Un combat difficile pour les associations, puisque le Chief Minister M K Stalin (DMK) annonçait en avril 2022, dans une série d’annonces faites pour l’amélioration des infrastructures sportives, la construction d’une immense arène à Alanganallur, qui permettra d’accueillir spectateurs et participants dans les meilleures conditions.
Jallikattu, reflet d’une société discriminante ?
Le système des castes en Inde crée encore aujourd’hui des inégalités et des tensions, voire des violences intolérables, dont le Tamil Nadu n’est pas exempt. Chaque année, divers évènements rappellent le rude sort réservé aux Dalits, appartenant à cette “caste hors-caste”, qu’on appelaient autrefois les Intouchables.
Près d’Alanganallur, en 2017, les habitants d’un village dalit se plaignaient de violentes intimidations de la part des plus hautes castes, les Kallar pour les dissuader de participer à Jallikattu. Certains auraient été brutalement agressés après avoir oser tenter de dompter le taureau dans l’arène, tandis que des actes de vandalisme auraient été commis dans le village. Pourtant, les Dalits semblent s’auto-censurer en ne participant plus au “bull-taming” depuis une trentaine d’années.

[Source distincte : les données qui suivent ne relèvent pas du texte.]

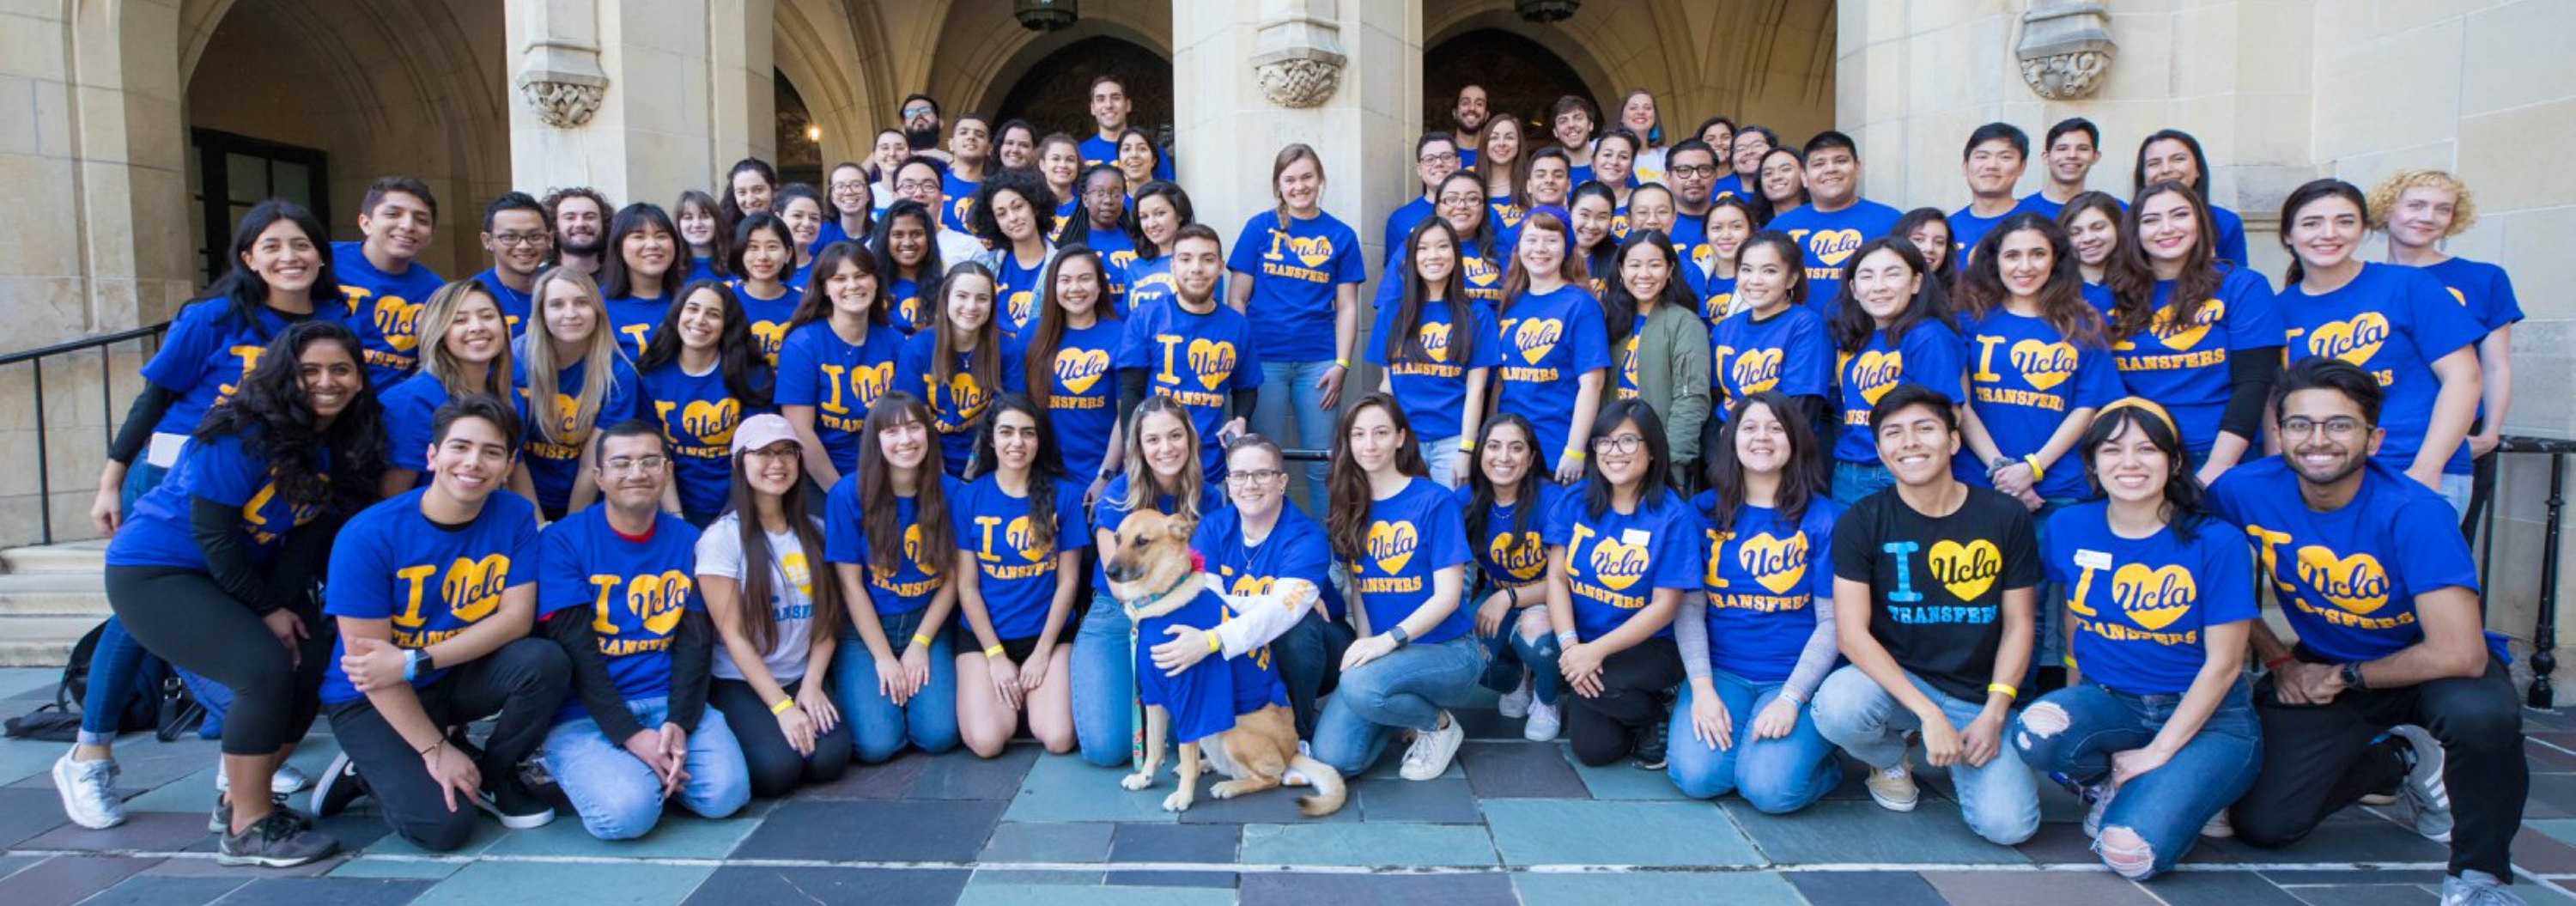 Support Mentorship at UCLA 2021-2022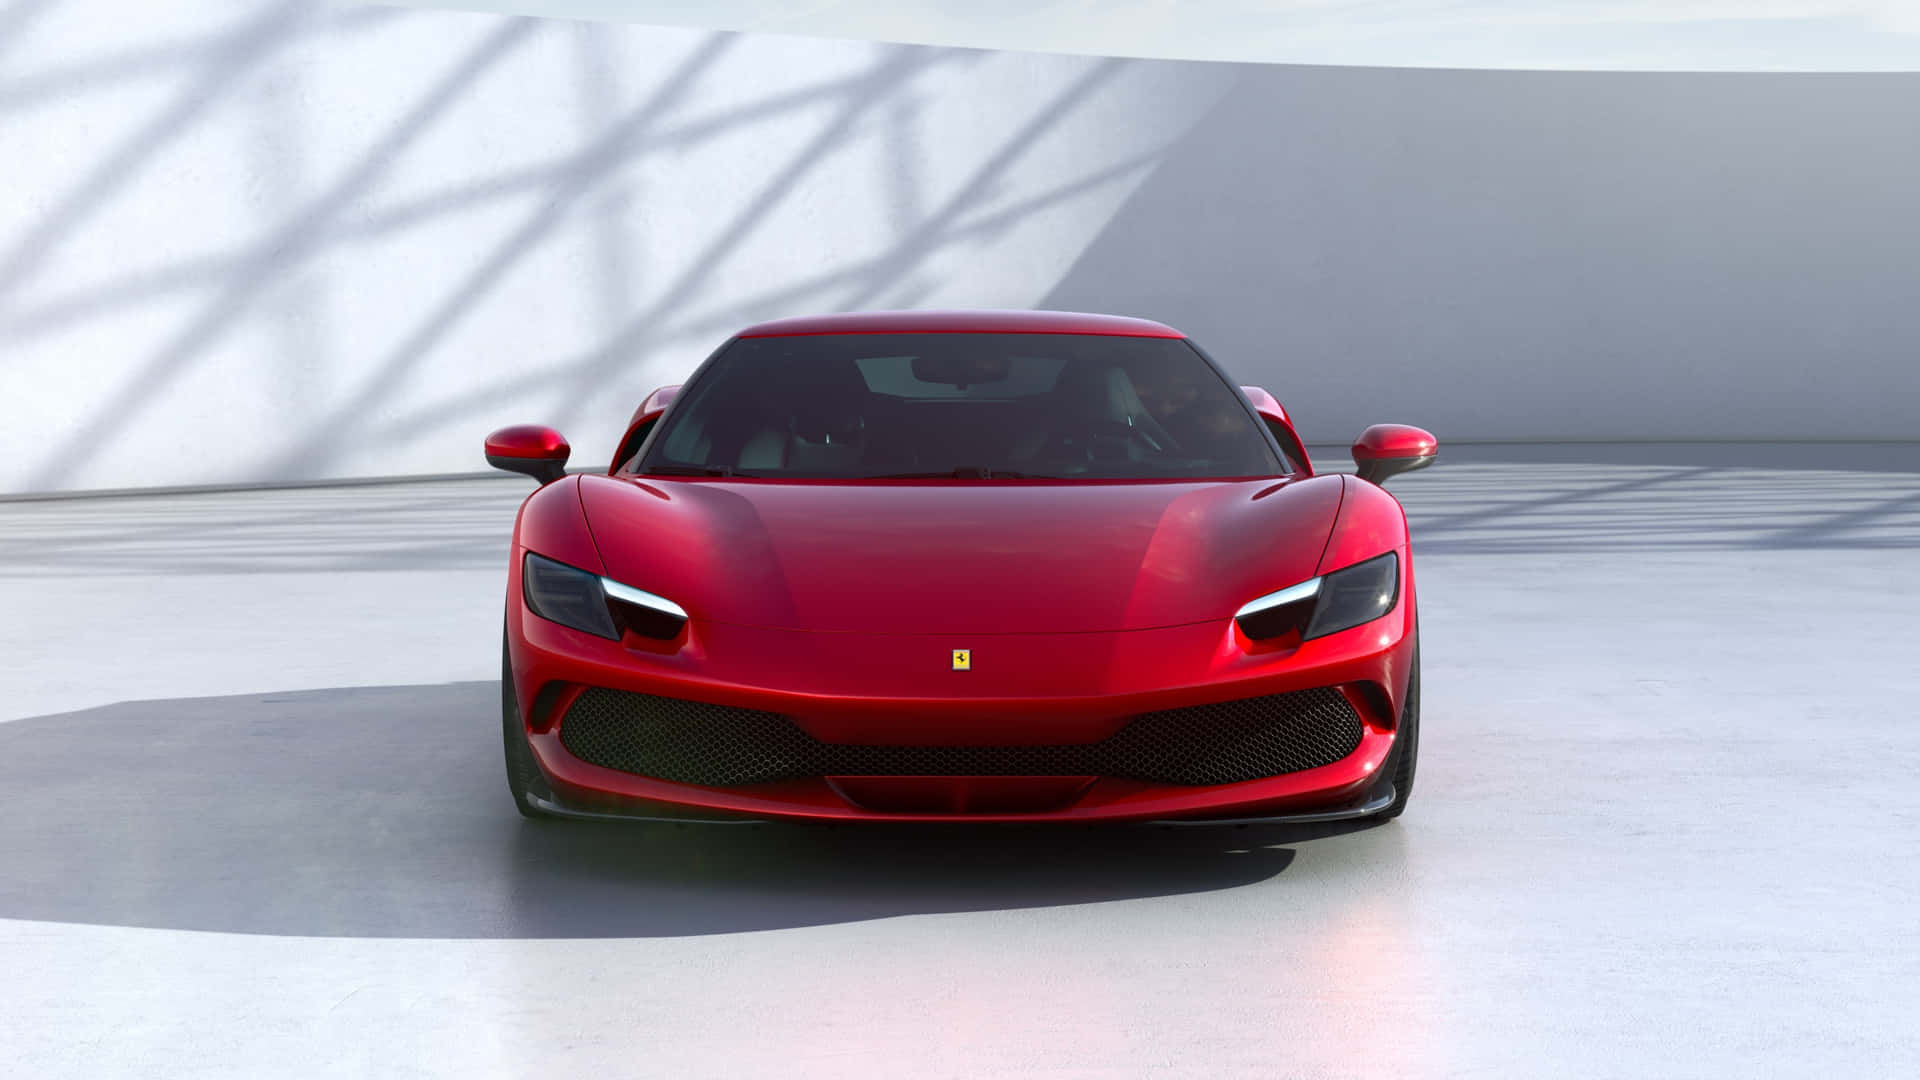 Enjoy the Ride - Cool Ferrari Cars Wallpaper

Mais dès qu’une bagarre éclate entre les Dalits et une caste supérieure, c’est tout le village qui peut subir des représailles…
En 2020, un groupe de dalits boycottaient le Jallikattu de Palamedu pour protester contre leur exclusion du comité d’organisation de l’évènement.
Ainsi, Jallikattu est décrié non seulement pour des raisons éthiques de défense de la cause animale, mais également parce qu’il représente un symbole du patriarcat et de la domination masculine, autant que celui d’une société dominée par les castes.
Culture et traditions vs évolution nécessaire de la société indienne. Chacun a son avis plus ou moins tranché, mais la majorité des tamouls demeure clairement attachée à cette fête traditionnelle antique de Pongal et de son Jallikattu.